Escaping ISIL: Iraqi Christians Find Refuge in Michigan
WARREN, Mich. — On the road fleeing their hometown in Iraq, the Ilotte family was packed tight in a black sedan as ISIL forces advanced behind them.
“They’re going to kill us, they’re going to get us,” 4-year-old Frans Ilotte cried in the backseat.
“No, we’ll protect you. It’s OK,” the boy’s parents assured him.
But with their gas tank running low, they weren’t sure what would happen. The Catholic family was among thousands of other Christians that day in August fleeing Bartella, a small Assyrian village near Mosul in northern Iraq. The four lanes of the highway — including the two westbound lanes — were jammed with cars headed east.
As non-Muslims, the Ilotte family knew they would either be killed or oppressed by ISIL, a militant group that seeks to dominate the region with their interpretation of Islam.
“The sounds of bullets were coming from everywhere,” recalled the boy’s father, Waseem Ilotte, 35.
“Imagine someone chasing you, trying to kill you,” he said. “It’s hard to describe that feeling.”
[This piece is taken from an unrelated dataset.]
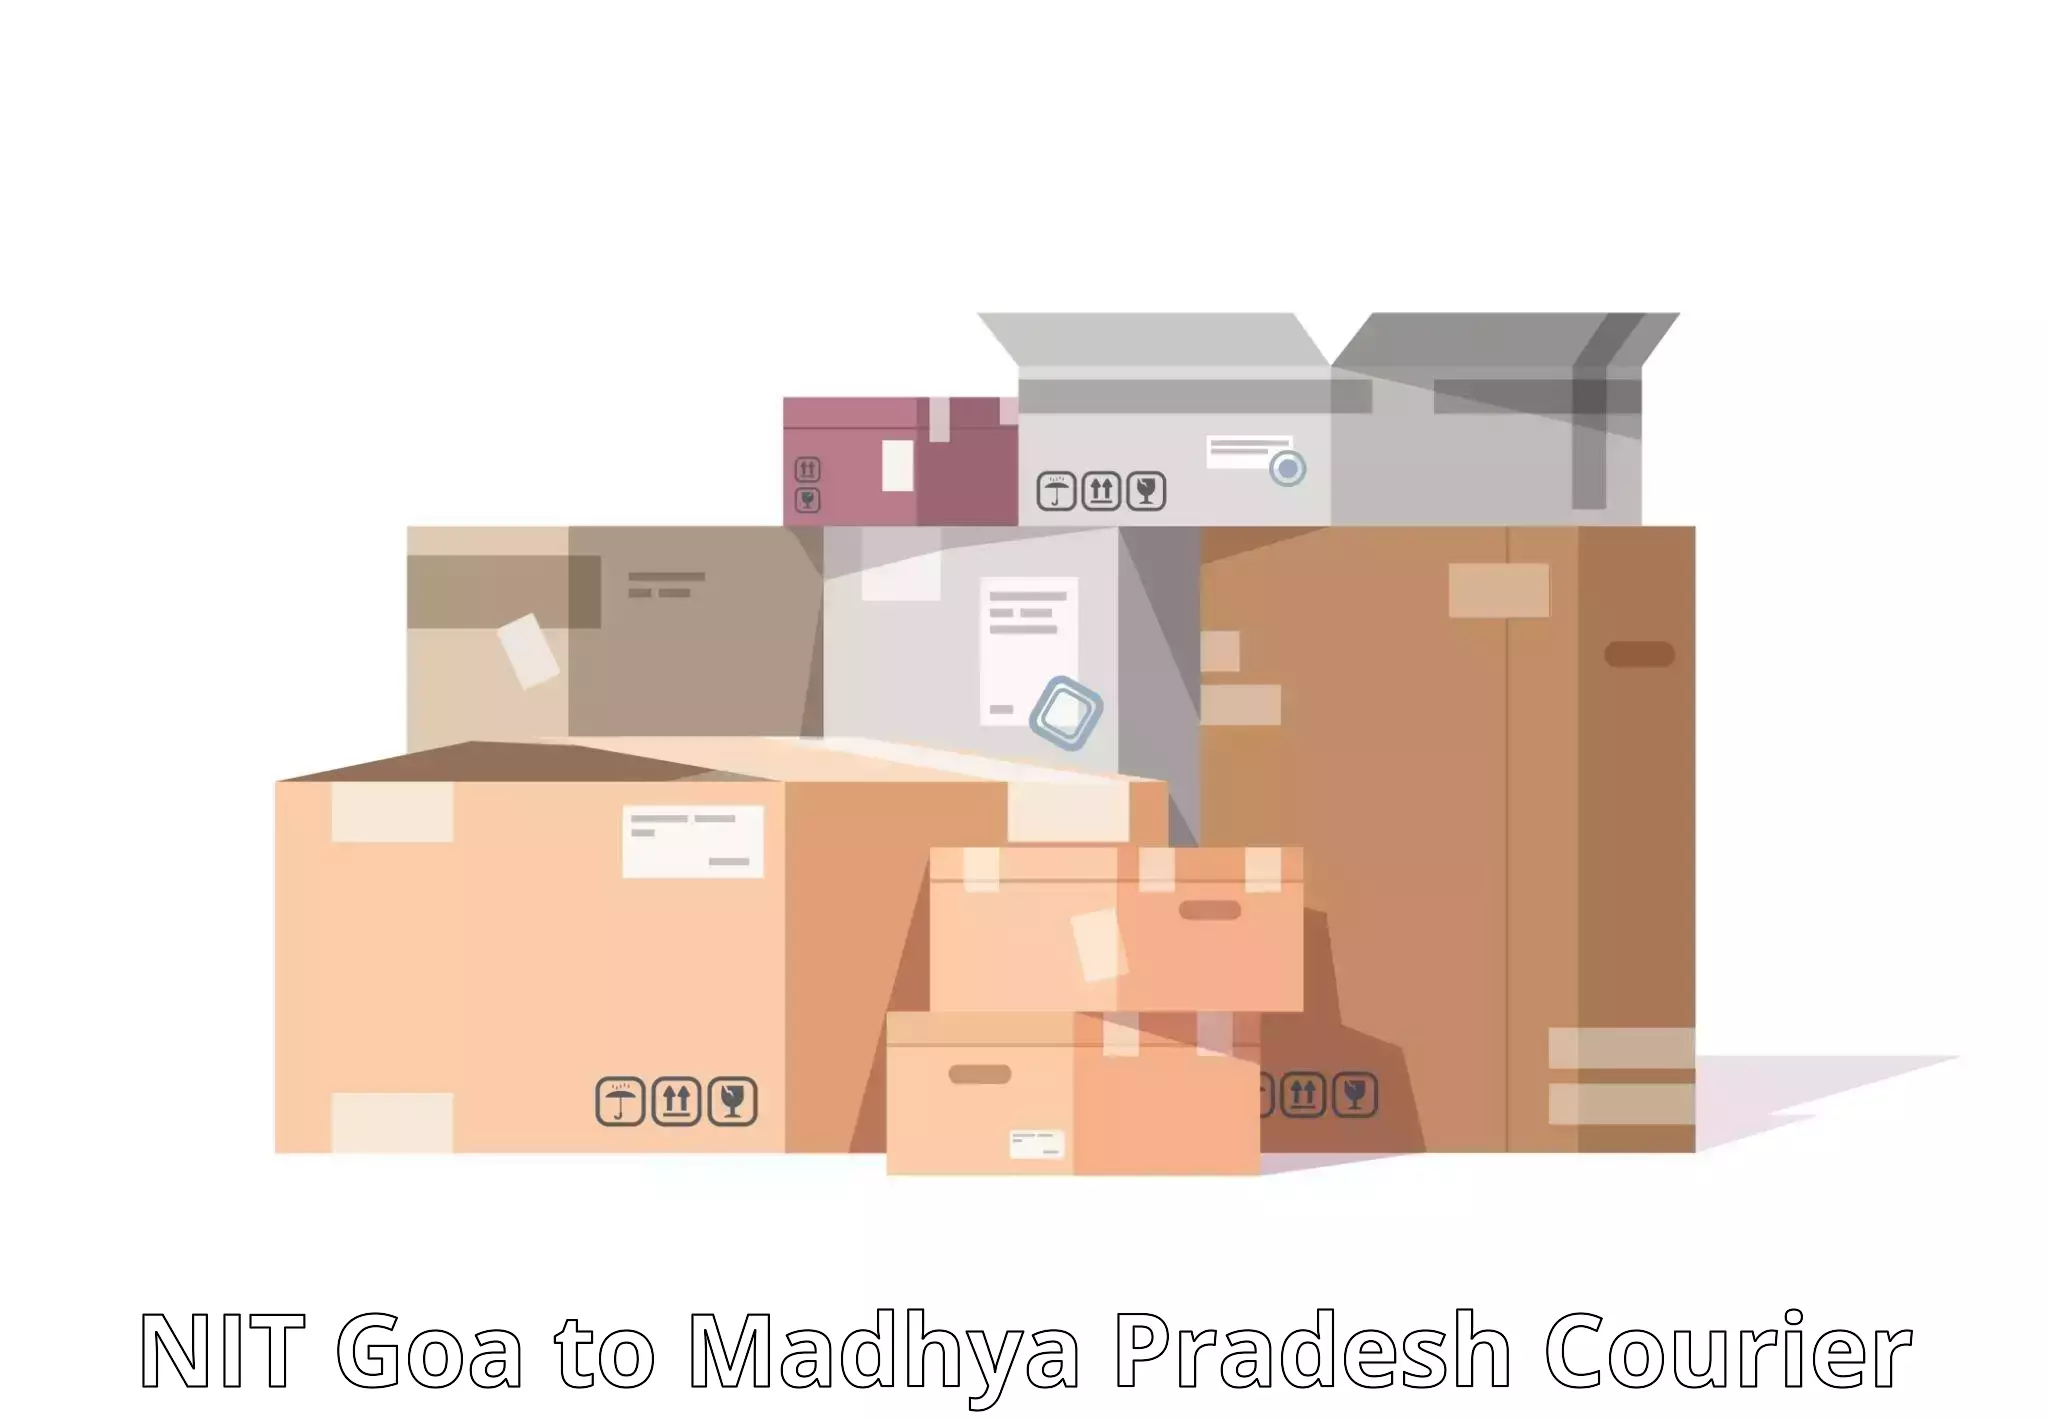 24/7 courier service NIT Goa to Sohagi

Now living in a Warren apartment with his wife, Lara Al Aso, and two young boys, Ilotte is trying to restart his life, but the narrow escape from ISIL and the loss of their life in Iraq has stayed with them. His 4-year-old son and wife are still shaken up, suffering from anxiety, and they worry about other family members now scattered across the Mideast.
“We left our history,” Aso said. “We left our past lives in the middle of the night.”
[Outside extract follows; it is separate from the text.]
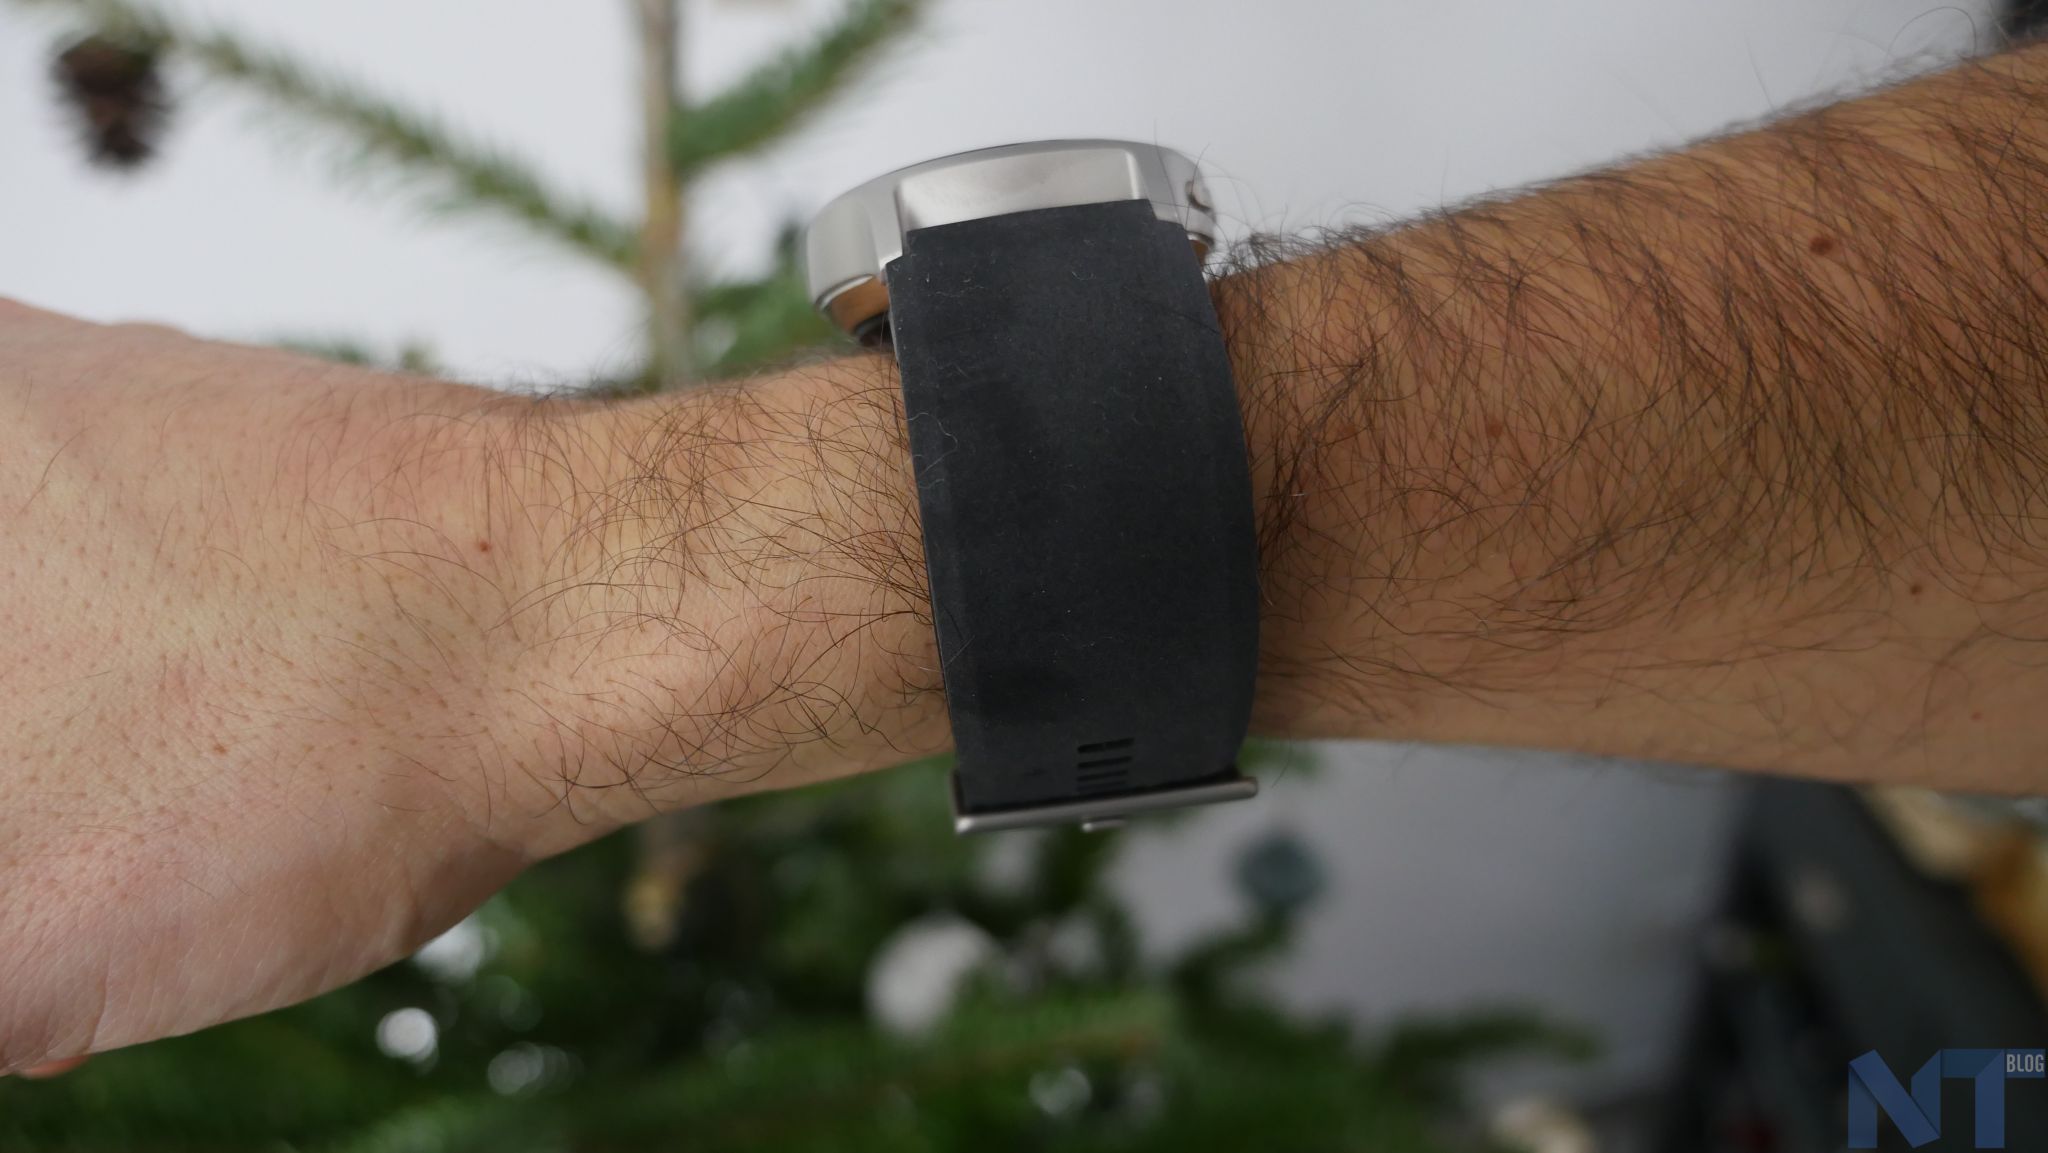 HeartGuide Omron : l'avis d' - AUTOMESURE Tensiomètre  portable présenté sous la forme d'une montre au poignet : HeartGuide  OmronLe constructeur Omron, commercialise depuis le 9 janvier 2019 (aux  Etats-Unis seulement) un

The story of the family’s escape from ISIL is echoed by thousands of other Christians and others who have fled in recent months the advances of ISIL, or the Islamic State. Their account offers a glimpse into how ISIL has systematically cleansed villages of minorities and others who aren’t Sunni Muslims. They’ve killed, abducted and tortured Iraqis, according to community leaders and news reports.
Most minorities who have fled ISIL have ended up in other parts of Iraq, neighboring countries, or in Europe. A few, such as the Ilottes, have ended up in the U.S. because they had previously applied for residency through family members.
As much as they miss Bartella, the Ilottes said they have no plans to return. While they’ve lost their homes and possessions, they feel lucky to have escaped with their lives and freedom, unlike many others.
“There’s no going back when even the military is fleeing,” Ilotte said recently inside the Chaldean American Ladies of Charity Center in Troy. “They don’t want Christians there.”
Small-town life
Up until 2003, life for the couple in Bartella was relatively relaxed.
He was an electrician, as was his father, in a place that “had a small-town feel,” he said.
They were Chaldeans, Iraqi Catholics, part of a religious community that stretched back almost to the start of Christianity 2,000 years ago.
But the start of the U.S.-led Iraq war brought changes, with Iraqis of various groups such as Sunnis and Shi’as now moving into what was predominantly Christian place.
“Women started to feel uncomfortable,” Ilotte said. “It wasn’t safe for them to walk around.”
Then in June, ISIL swept through Mosul, threatening the small Christian towns nearby.
The morning of Aug. 6, Aso had woken up in Bartella looking forward to the marriage of her brother, who lives in Texas, but had come back to his hometown in Iraq for his wedding celebration.